Abstract

Facies analysis in outcrops on land is strongly dependent on the lateral variability of lithofacies. Interpretation of conventional core in wells relies principally on the vertical succession of lithofacies. To better understand depositional environments and reservoir sandstone connectivity, the lithofacies of reservoir sandstones sampled in conventional core were correlated laterally through two sets of closely spaced wells in the Scotian Basin: in the Barremian–Albian succession around the Panuke–Cohasset field and in the Late Jurassic succession west of the Venture field. Regional correlation by gamma logs is confirmed by lithologically similar transgressive units including shelly mudstones or coals. A standard scheme of lithofacies and recognition of three types of parasequences were used for comparisons between wells. Some transgressive surfaces are of limited extent and may represent delta distributary switching and subsidence rather than regional changes in sea level. Major sandstone packets extend at least 10–30 km laterally, but commonly show lateral changes in lithofacies, and some are bounded by the margins of incised valleys.
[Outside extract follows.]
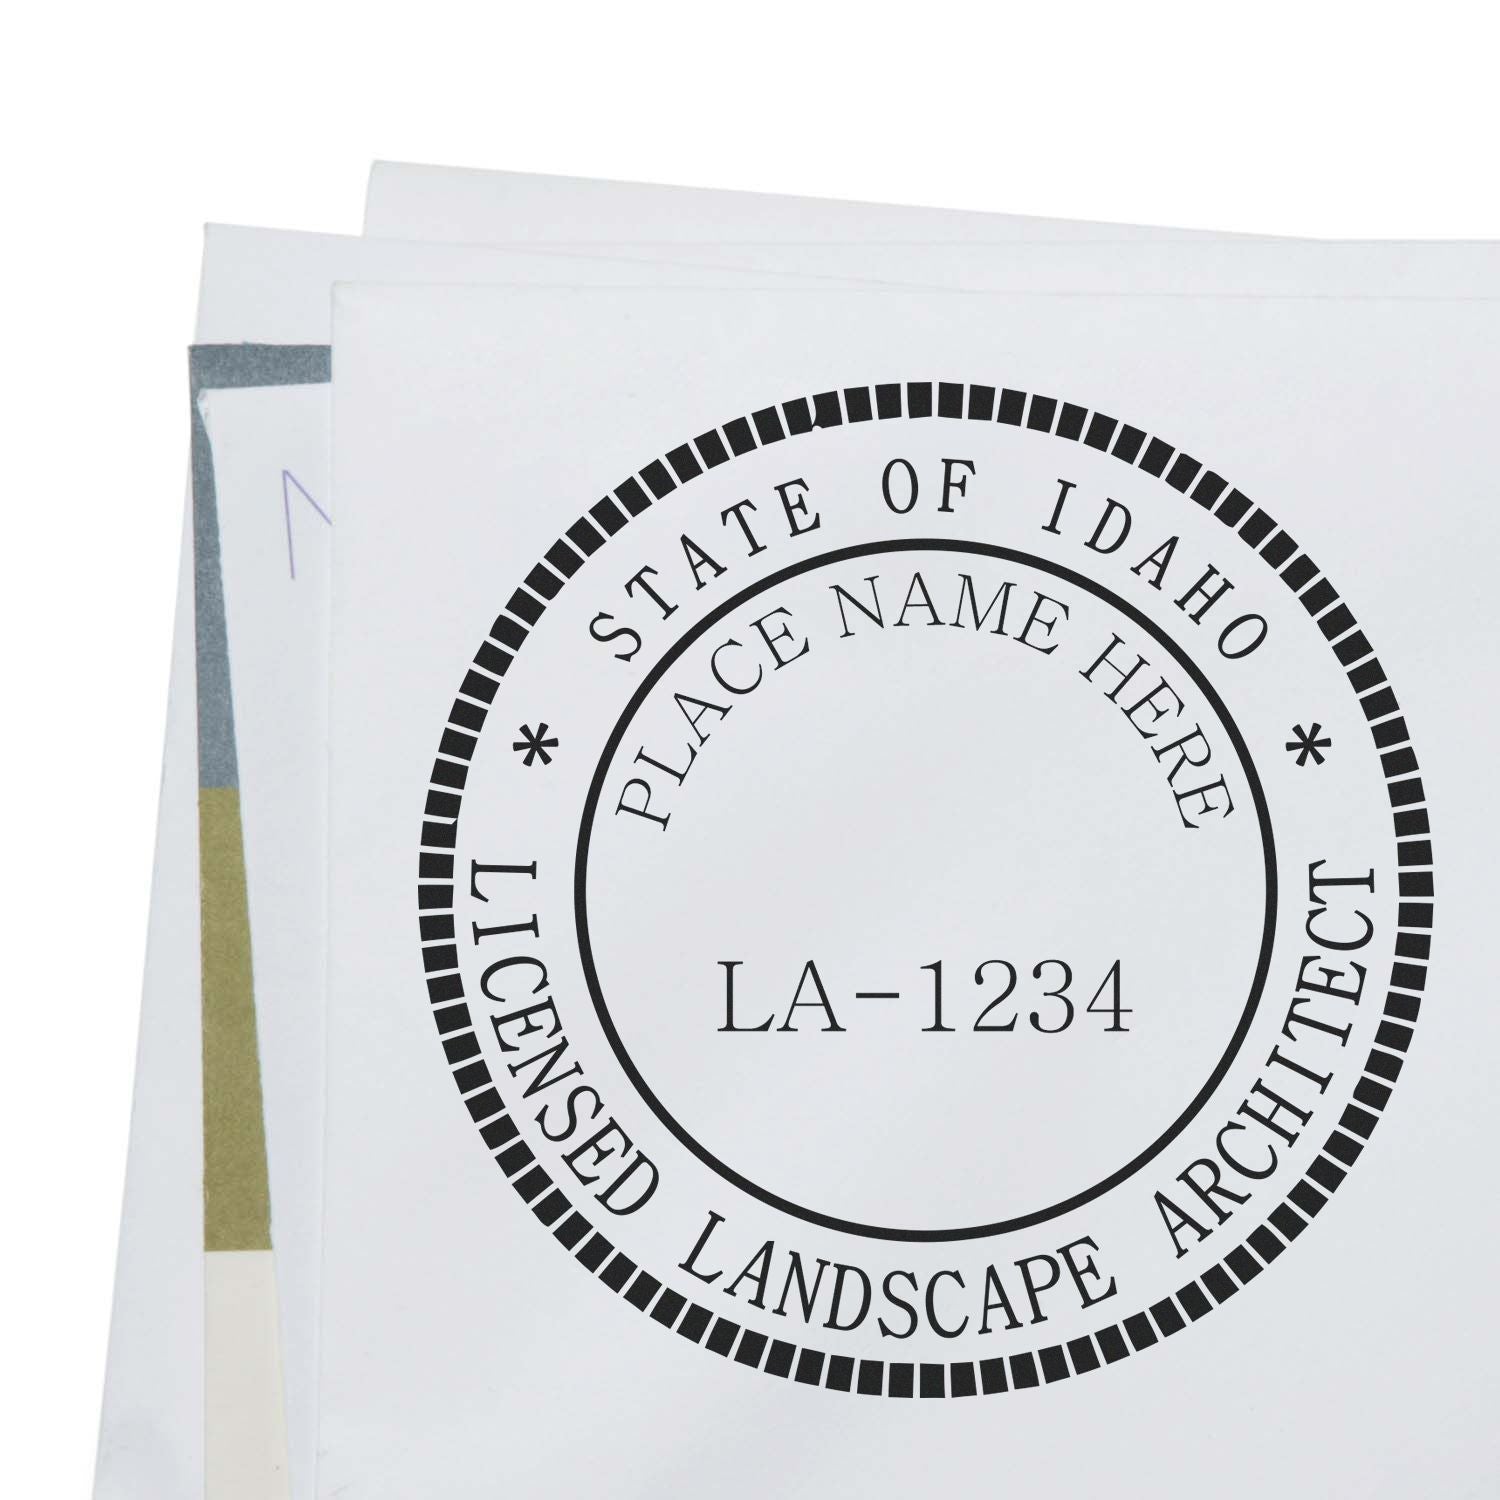 A photograph of the Self-Inking Idaho Landscape Architect Stamp stamp impression reveals a vivid, professional image of the on paper.
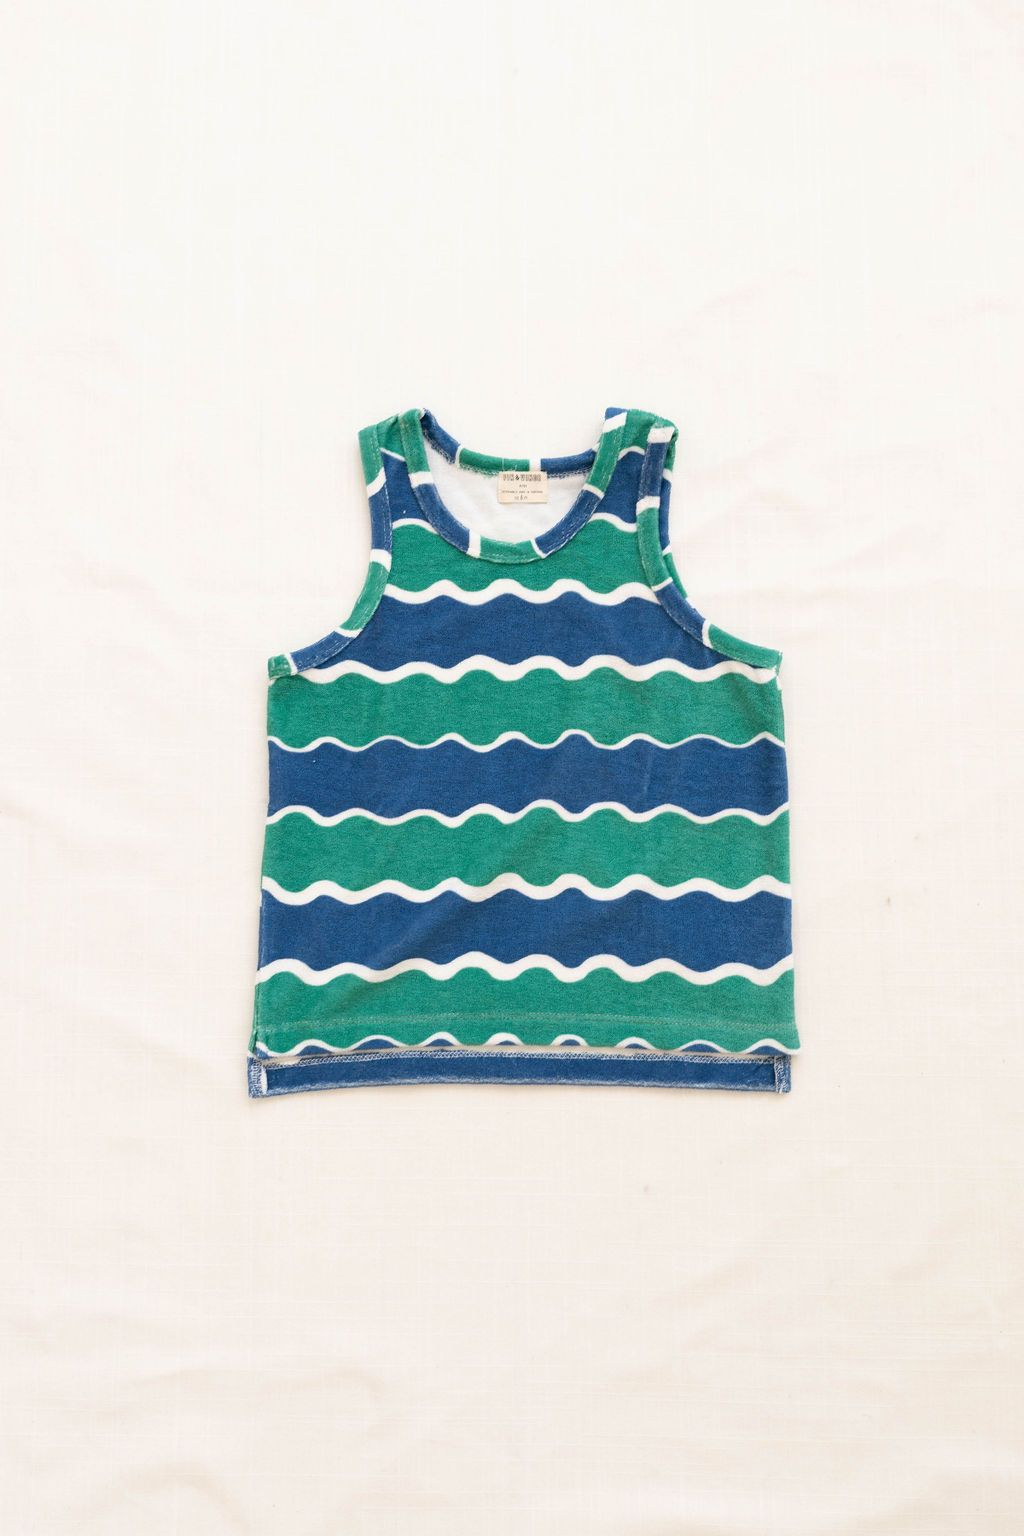 Fin & Vince Terry Tank Top, Waves – Wild Ivy

Such packages show poor correlation of lithofacies with porosity and permeability, probably because of the variable effects of diagenesis. Lateral transitions from tidal estuary sandstones in Panuke B-90 to thick-bedded river-mouth turbidites in Lawrence D-14, over a distance of 15 km, demonstrates the scale of delta lobes and confirms that sharp-based sandstone beds are turbidites related to river floods, not storm deposits. Similar lateral transitions in the Venture field are on a similar scale and pass distally into prodeltaic muddy landslide deposits.